In recent years, the EU has stepped up its efforts to counter disinformation and foreign manipulation, later labelled as FIMI (see Figure 22). In September 2015, the East StratCom Task Force (ESTF) was set up under the EEAS, to raise awareness about pro-Kremlin disinformation, information manipulation and interference, exposing attacks on the EU, its Member States and the EU’s Eastern Neighbourhood. To date, the Task Force has collected, analysed and debunked over 15 000 disinformation stories in its EUvsDisinfo database. The EEAS later added two further task forces – Western Balkans, and South (focused on the Middle East and North Africa, and the Persian Gulf region) – in charge of shaping strategic communication with neighbouring countries. Alongside the StratCom Task Forces, the CSDP missions deployed abroad are also becoming increasingly instrumental in identifying and responding to disinformation attacks. Within the EU, a network of EU-anti-disinformation hubs, covering all 27 EU Member States, has been set up as part of the European Digital Media Observatory (EDMO), an independent platform addressing disinformation in Europe.
The European democracy action plan adopted in December 2020 was another important step, envisaging new legislation on political advertising, measures to support media freedom and pluralism and to counter disinformation. Since then, the Digital Services Act (DSA) entered into force on 16 November 2022, imposing a range of obligations on online intermediary services, including search engines and social media platforms, to ensure transparency, accountability and responsibility for their actions. The Code of Practice on Disinformation, strengthened in 2022, includes additional voluntary commitments by its 44 signatories to date. The Commission plans to put forward a defence of democracy package, including a legislative proposal designed to strengthen the resilience of the EU democratic space to foreign interference (to curb the influence exerted through covert interest representation services paid for or directed from outside the EU) and other non-legislative support measures. Following debates in the European Parliament, as well as concerns raised by number of civil society organisations regarding the potential restriction of civic space in the EU and beyond, it was decided that a full impact assessment of the proposal will be undertaken.
The Strategic Compass, sets ambitious goals for developing tools to increase resilience against disinformation and foreign manipulation. A central measure is the creation of an EU hybrid toolbox – a set of measures to respond to, detect and analyse such threats, among other things. The EU hybrid toolbox on foreign information manipulation and interference (FIMI) should, among other things: strengthen the EU’s ability to detect, analyse and respond to such threats; as well as to deal with ways to impose costs on malign disinformation actors – including the Single Intelligence Analysis Capacity (SIAC), the rapid alert system (RAS), the deployment of EU hybrid rapid-response teams and the development of an EU cyber-defence policy.

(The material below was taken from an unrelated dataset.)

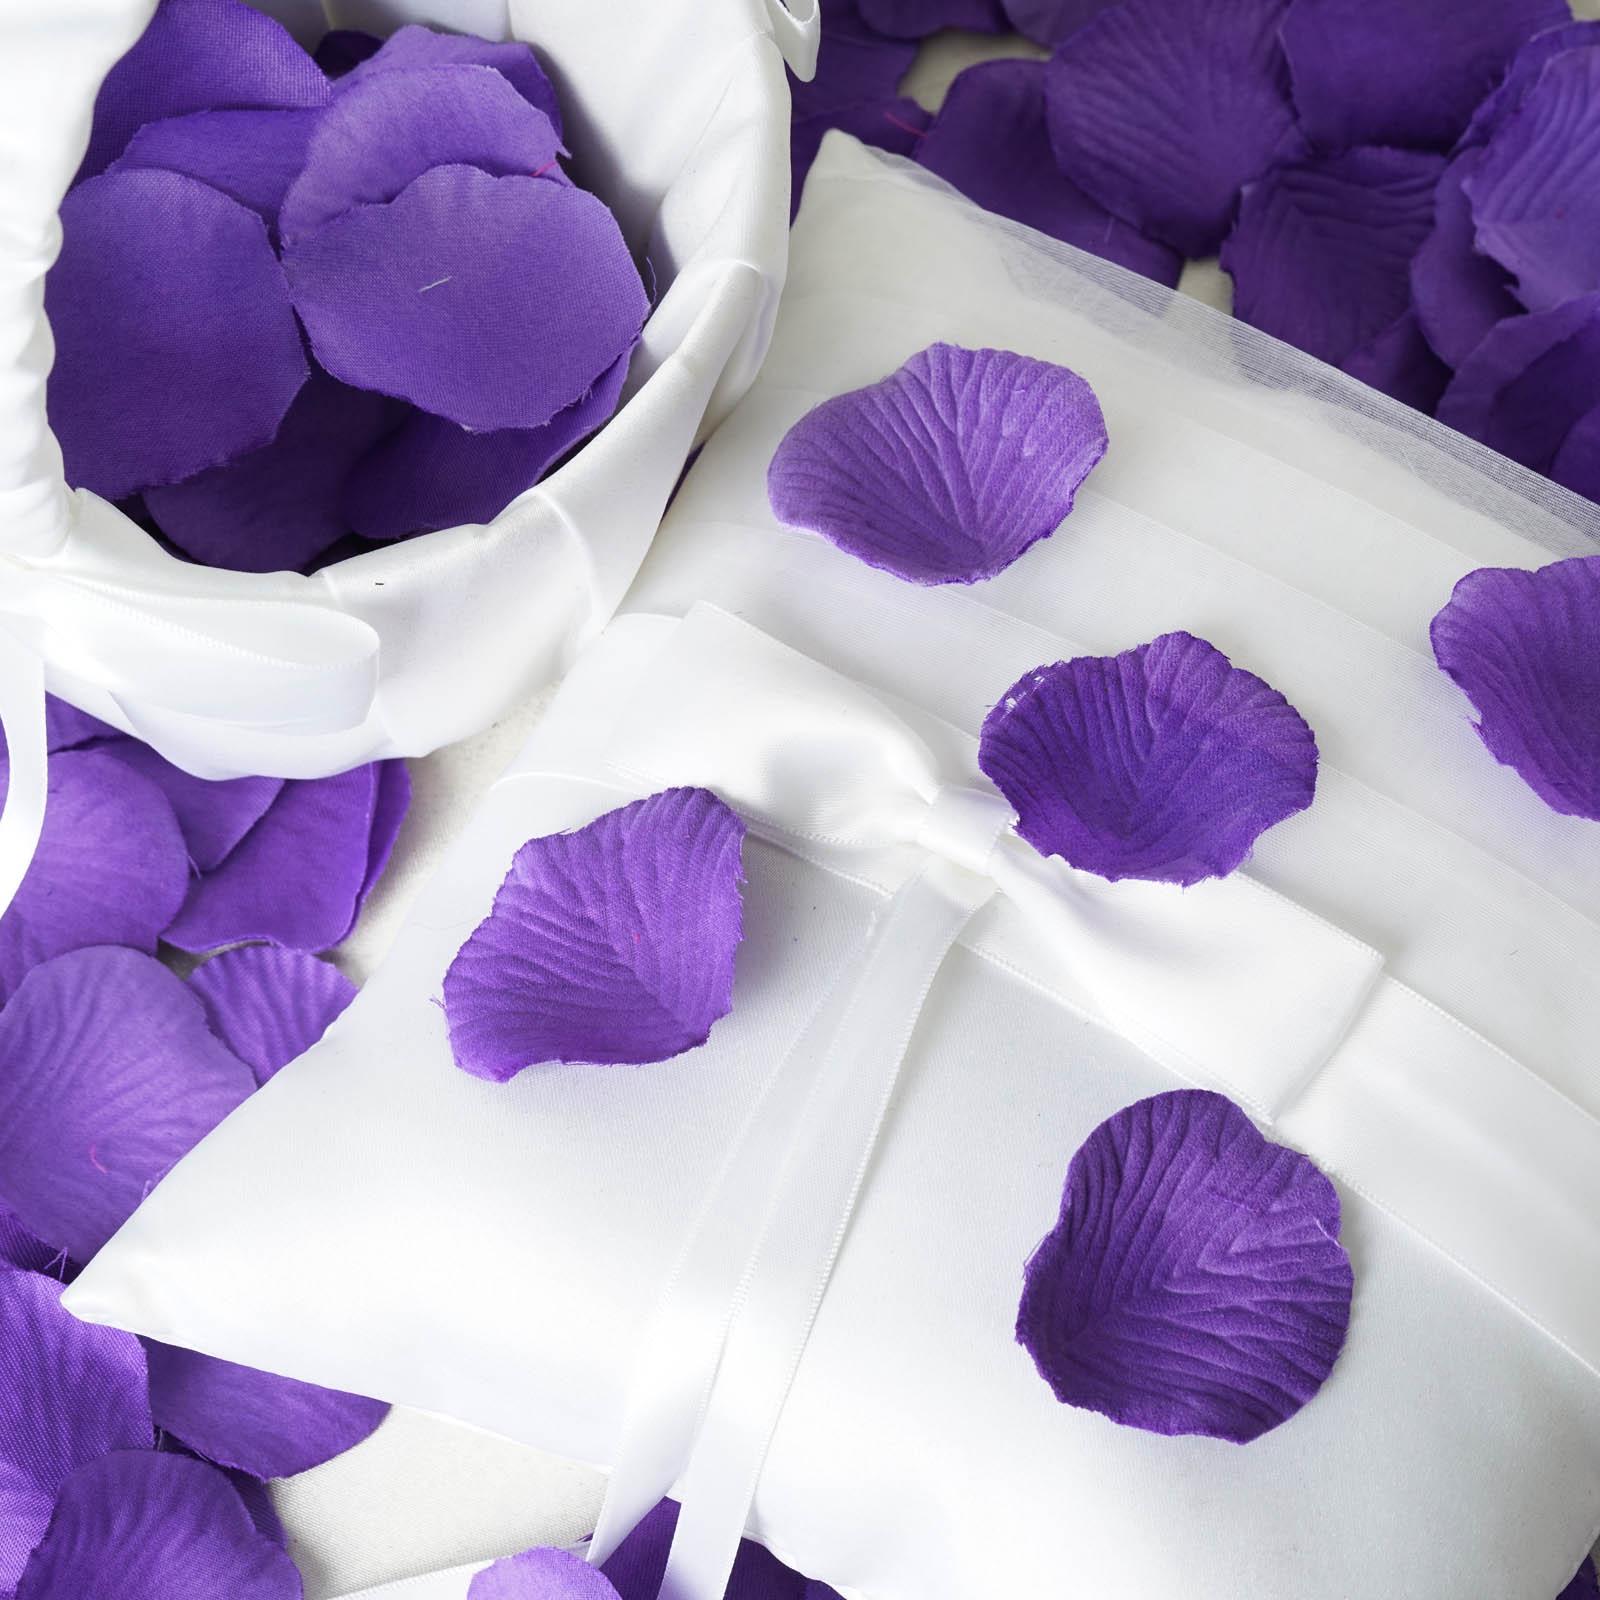 4000 Silk Rose Petals Wedding Decorations Favors Wholesale Bulk ...

In addition, as part of its sweeping sanctions on Russia following the Russian war on Ukraine, the EU has already included Kremlin propagandists on the sanctions list, and suspended the broadcasting of major state-owned Russian broadcasters, such as Sputnik and Russia Today, in the EU.
Furthermore the Anti-Coercion Instrument (ACI), on which the European Parliament and the Council reached a political agreement in June 2023, aims to act as a deterrent against any potential economic coercion, enabling the EU to better defend its interests and those of its Member States on the global stage.